打开文件获取文件描述符，打开文件时需要指定对文件的读写模式，和写追加模式。常见的文件模式如下：

模式描述

‘r’ 以只读方式打开文件（默认），不存在报错 FileNotFoundError

‘w’ 以写方式打开文件，如果文件存在，首先清空原内容，如果不存在先创建文件

‘x’ 以写方式打开文件，如果文件存在，则报错 FileExistsError

‘a’ 以写方式打开文件，并追加内容到文件结尾，如果文件不能存在则先创建文件

‘+’ 可同时读写

‘+’ 模式可以和其他模式组合，以同时支持读写，常用组合和特性如下：

打开模式 r r+ w w+ a a+

可读

可写

创建

覆盖

指针在开始

指针在结尾

数据流在读写时又分为两种转换模式:

模式描述

‘b’ 二进制模式（不转换）

‘t’ 文本模式（转换，默认）

二进制模式将内存中的数据信息直接写入到文件中，不做任何转换。如内存中的数据 0x01 以二进制写入就是直接写入 0x01 到文件中。

而文本模式是为解决操作系统兼容性引入的。

在文本中，有一些字符不是是用来显示的，而是用来控制的，称为控制符，比如告诉编辑器一行结束就是字符 ‘\n’，对应 ASCII 码 0x0d，但是不同的操作系统使用的控制符并不一致，这导致在A平台下编辑的文件到B平台下可能就无法正常显示。

类 Unix 操作系统采用单个 ‘\n’ 表示行结束符。Windows 使用两个字符 “\r\n” 表示。而 Mac 系统使用 ‘\r’ 表示。

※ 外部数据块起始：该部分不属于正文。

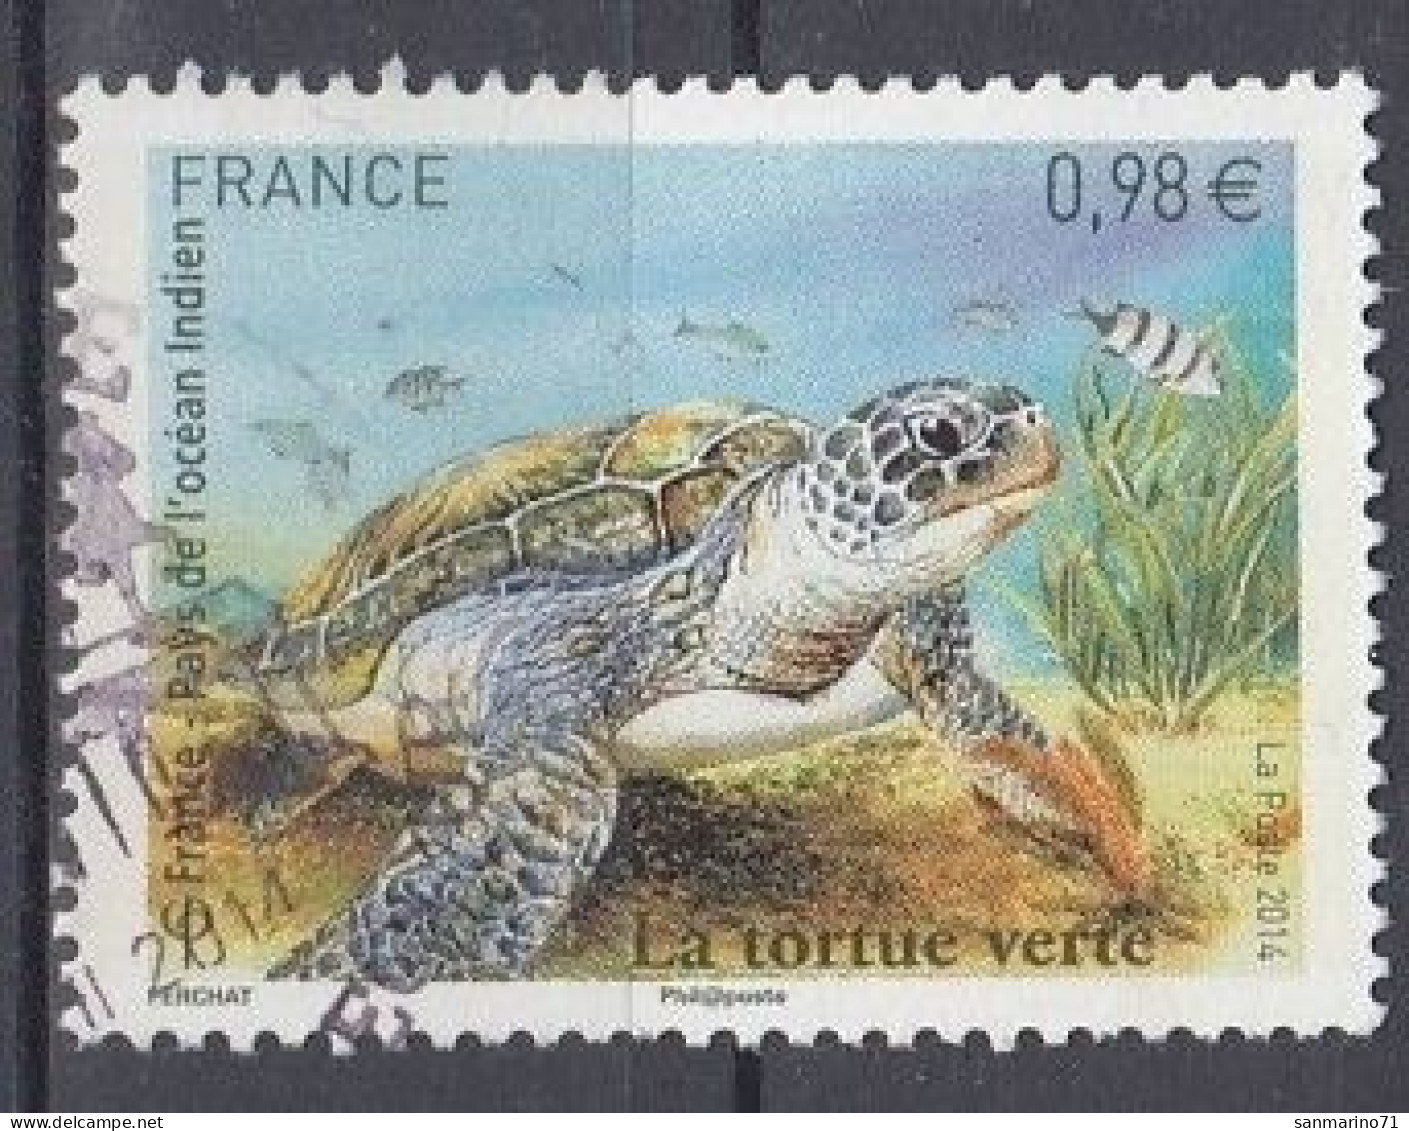 FRANCE 5996,used,falc Hinged - Schildpadden

所以当指明使用文本模式读取时，如果是在 Winodows 系统，那么当读取到 “\r\n” 或者 ‘\r’ 时就会转换为 “\r\n” ，写的时候会将 ‘n’ 转换为 “\r\n”。如果是进行文本编辑，那么应该使用默认的文本打开模式，如果是多媒体等格式的文件就要使用二进制模式，以保证读取和写入的数据是一致的。参见 Windows 上的 fopen 手册。

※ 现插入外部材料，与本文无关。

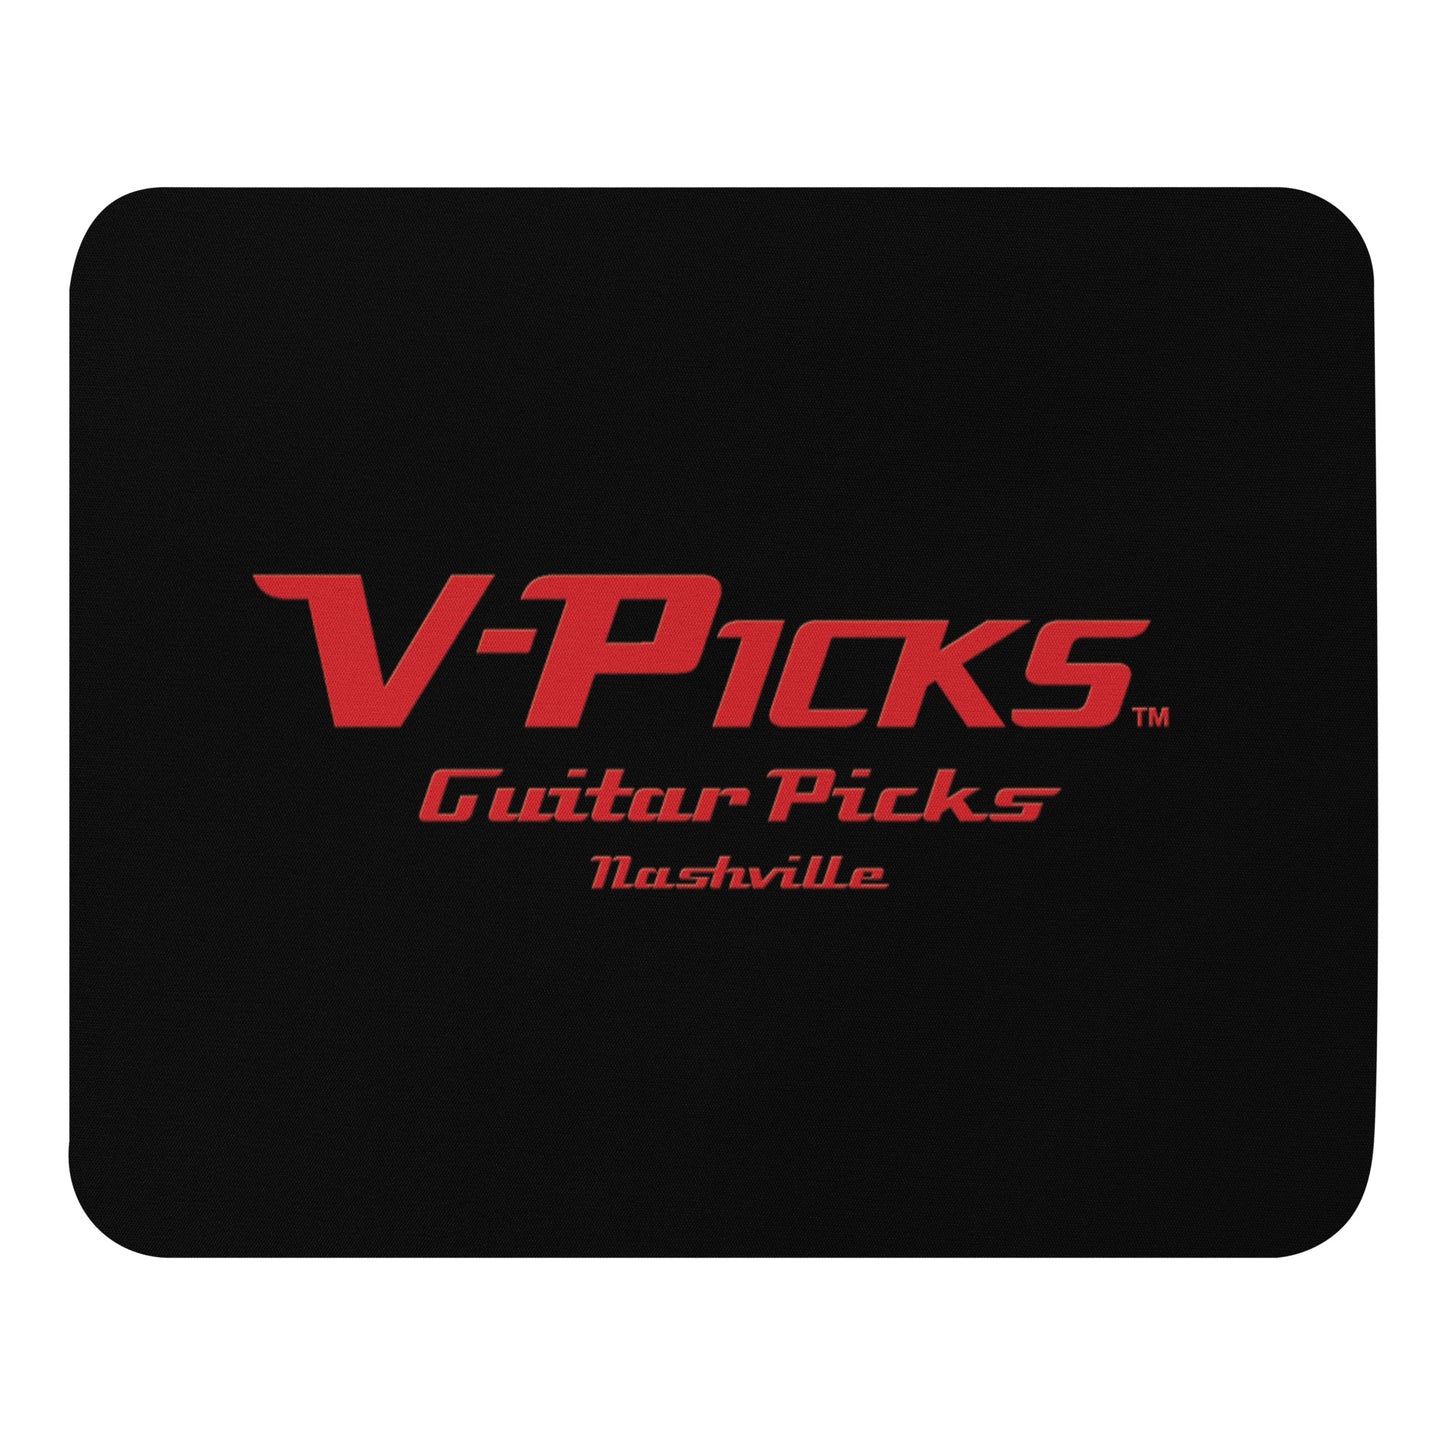 V-Picks Logo Mouse pad

在类 Unix 系统上这两种模式是等价的，也即均为 ‘b’ 模式，遵循 POSIX 标准的 C 库函数不会对数据进行任何转换，而把这些处理交给用户空间的编辑器。

open(file, mode='r', buffering=-1, encoding=None, errors=None,
     newline=None, closefd=True, opener=None)
    Open file and return a stream.  Raise IOError upon failure.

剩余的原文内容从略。